- Born: Hong Kong
- Occupation: Poet and translator
- Education: City University of Hong Kong (MFA)
- Notable awards: Lambda Literary Award for Gay Poetry (2016)

Website
- nicholasybwong.weebly.com

= Nicholas Wong =

Hong Kong poet and translator

Nicholas Wong Yu Bon (黃裕邦 (Huáng Yùbāng); born 3 February) is a Hong Kong poet and translator. He is the author of Cities of Sameness (2012), Crevasse (2015) and Besiege Me (2021).

== Early life and education ==
Wong was born on 3 February in Hong Kong, where he was also raised. He received a Master of Fine Arts from the City University of Hong Kong.

== Career ==
Wong has published three book-length poetry collections: Cities of Sameness (2012), Crevasse (2015), and Besiege Me (2021). In addition to poetry and translations, Wong founded Writing-Plus, an online creative writing pedagogy platform in Hong Kong. Wong also teaches with the University of Hong Kong Faculty of Education.

Wong's debut poetry collection, Cities of Sameness, was published with Desperanto in 2012. The poems in the collection "challenge ideals, assumptions and narratives about love, sexuality and human life, by urging the reader to observe and confront the politics of sameness and difference, particularly how they intersect in subjective perception and objective material reality". Michael Tsang, writing for Cha, referred to City of Sameness as "a debut not to be missed", noting that the "poems feature meticulous diction, effective line breaks and well balanced stanzas, all embellished with creative explorations of poetic acoustics and aesthetics".

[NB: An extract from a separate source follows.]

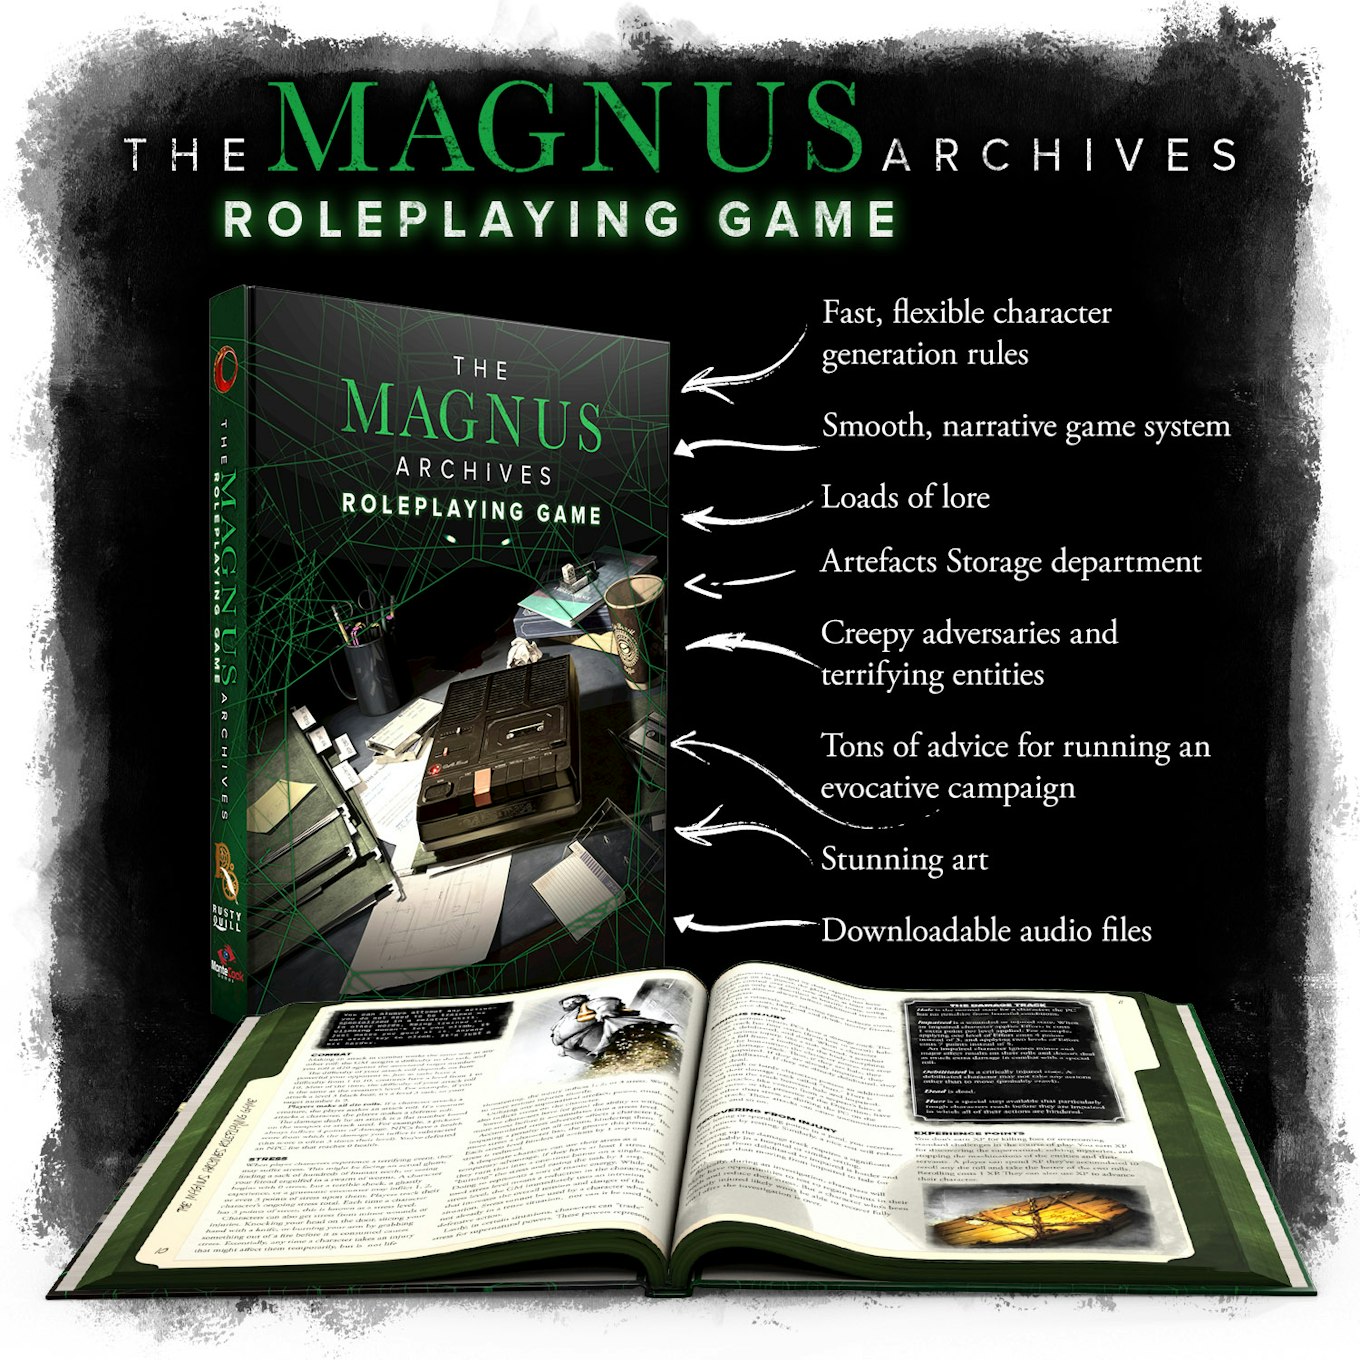 The Magnus Archives Roleplaying Game contains: fast, flexible character generation rules; smooth, narrative game system; loads of lore; Artefacts Storage department; creepy adversaries and terrifying entities; tons of advice for running an evocative campaign; stunning art; downloadable audio files.

Cities of Sameness was followed by Crevasse, which was published by Kaya Press in 2015. In the collection, "Wong writes of bodies and antibodies, of Hong Kong and the Queen of England, of sexual awakenings, of race, of desire, of what we might see and know through the body, of politics as well as the erotic, of mourning and loss." A The Kenyon Review writer highlighted recurring ideas, including the "notion of the interior world opening outward, as though on display", as well as the concept of "the crevasse created in the body by illnesses—societal, medical, emotional". Michael Tsang, writing for Cha, compared Crevasse to "statues of Greek gods, sculpted without a spare ounce of fat", noting that "Wong's works combine free verse with rigorously carved stanzas, often in couplets and triplets, meticulously versed". Comparing Crevasse to Cities of Sameness, Tsang noted that "Crevasse is slightly more conceptual [...] Cities is forceful, while Crevasse is enigmatic and lures readers to dive into its fissures. If Cities seethes, Crevasse bubbles." Crevasse won the 2016 Lambda Literary Award for Gay Poetry, with Carl Phillips's Reconnaissance.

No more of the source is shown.